Quiet killer: youth suicide

Of all child fatalities in Arizona during 2004, 60 percent of children under 18 die before they are 1 year old. Twenty percent die in motor vehicle collisions, 4 percent of deaths are the result of homicide and 3 percent are suicides.

Of children who kill themselves, most die by gunfire or hanging.

Rebecca Ruffner, who coordinates the Yavapai County Child Fatality Review committee each year, admits that the numbers of successful child suicides is very small in Yavapai County.

"What is troubling is that, of those numbers, all but one of the Yavapai County child suicides have occurred in the Verde Valley," she said.

By comparison, the Verde Valley is only one-third the population on the west side of Mingus.

The Center for Disease Control reports that suicide is the third leading cause of death among young people ages 15 to 24 across the nation. But, in Arizona, suicide is the second leading cause of death. Eighteen percent of students report having thought seriously about killing themselves. Eight percent have attempted suicide at least once.

The overall rate of suicide among youth has declined slowly since 1992. However, rates remain unacceptably high. Adolescents and young adults often experience stress, confusion, and depression from situations occurring in their families, schools, and communities. Such feelings can overwhelm young people and lead them to consider suicide as a "solution."

Few schools and communities have suicide prevention plans that include screening, referral, and crisis intervention programs for youth. Arizona now has a grant funded program Teen Screen to assess students' mental health to determine if there are important signals to investigate. The program only operates in two counties with the highest suicide numbers.

Steve Estes, who administers the Mingus Center in Cottonwood, explains that "child suicides are different from those by adults. Children and adolescents are still developing their central nervous system.
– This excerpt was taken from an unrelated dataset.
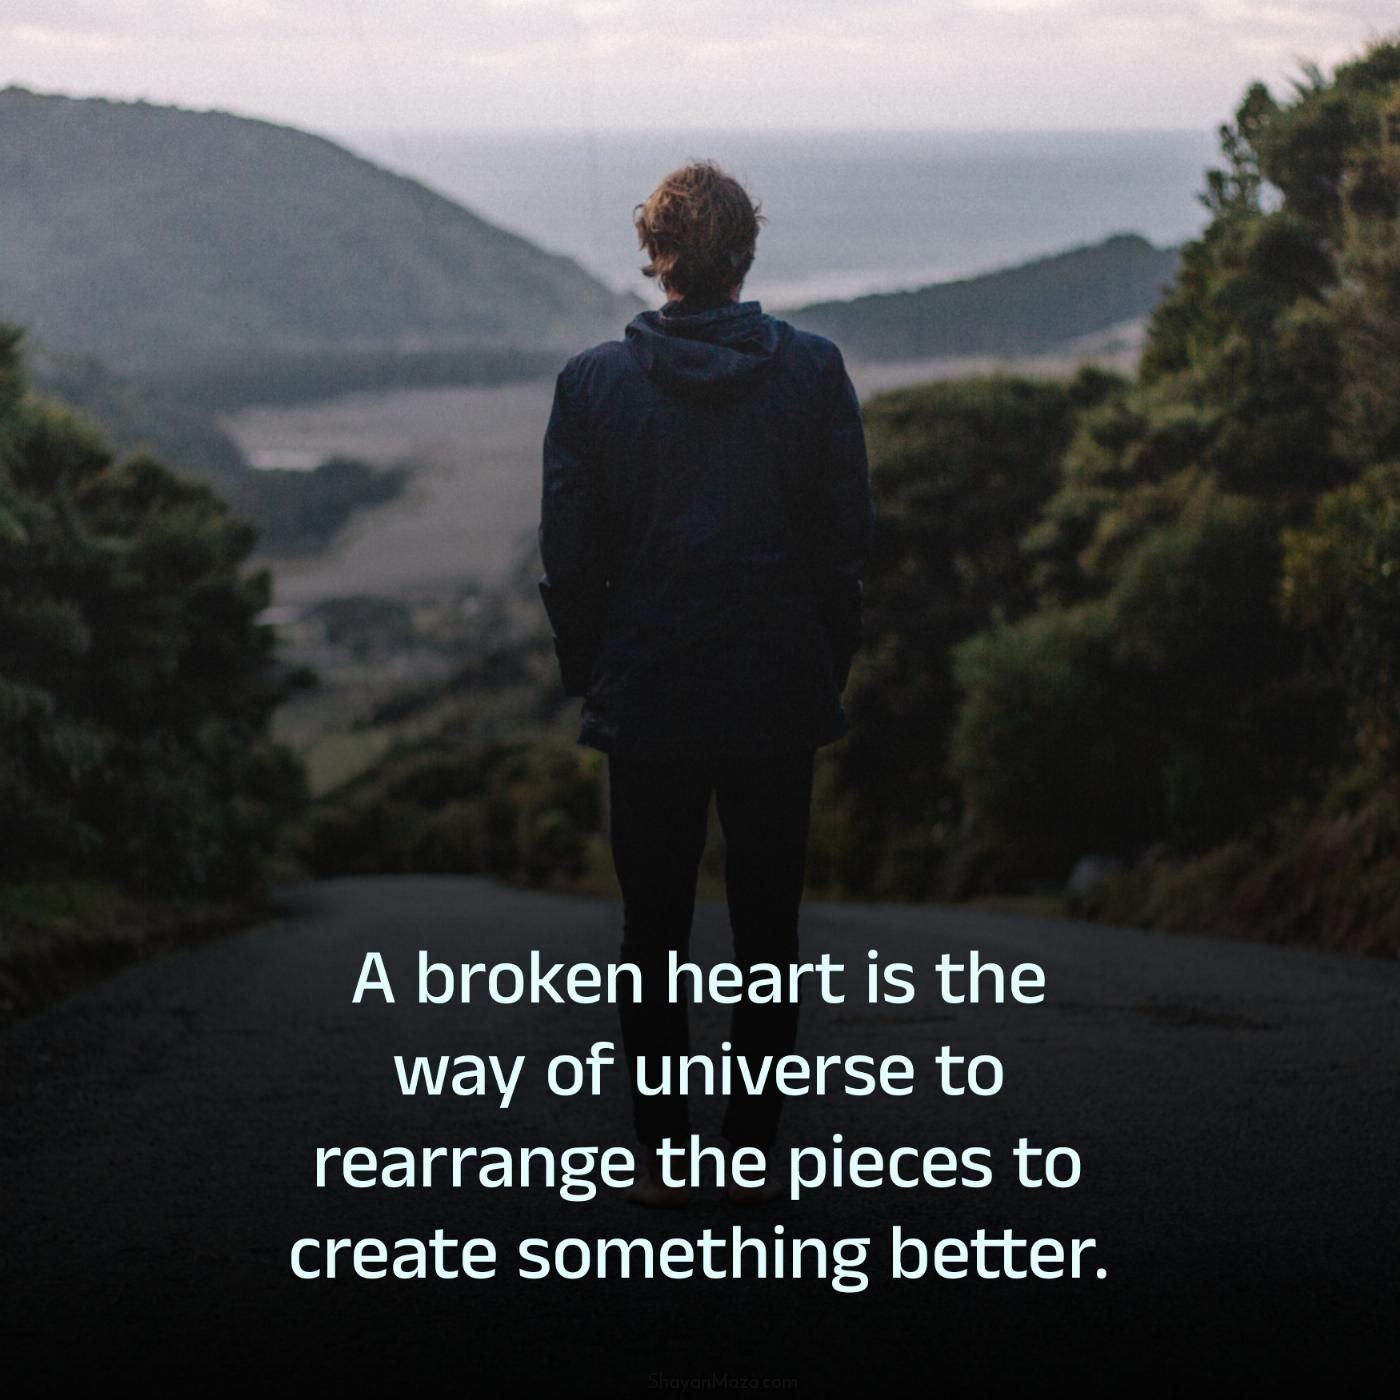 A broken heart is the way of universe to rearrange the pieces

Their understanding of mortality is very different.

"With kids, the act is a great deal more impulsive. They act with less thought and that makes suicidal tendencies more dangerous."

Children's understanding of the finality of an act is almost irrational. For juveniles, "so much is about how it will affect other people," he said. "They are doing more than just killing themselves."

The science is very subtle. Any time anyone hears anything disturbing, it should be handled by a professional. For example, "if someone is heard talking about how useless life is, that is a red flag," Estes said. "Parents or law enforcement should be called."

Teens are very suggestible and will mimic others acts. Estes recalls that "in recent years in Flagstaff, teens stood in front of speeding trains in town to commit suicide."

Often parents or teachers will see the signs first ... if a child does not demonstrate the same pattern. If there is a case of "profound hopelessness ... today is not better than yesterday or two days before."

There is a large disparity between females and males. Girls are more like to "attempt," but males are more likely to complete suicide. Males are more likely to use guns. Females often use suicide as a gesture.

All but three of the completed suicides in the states involved males.

Ruffner believes that small numbers of suicides in the Verde Valley are huge numbers compared with population. "Strong but fleeting feelings of self-destruction can change with a phone call. Thousands of children in similar circumstances don't commit suicide."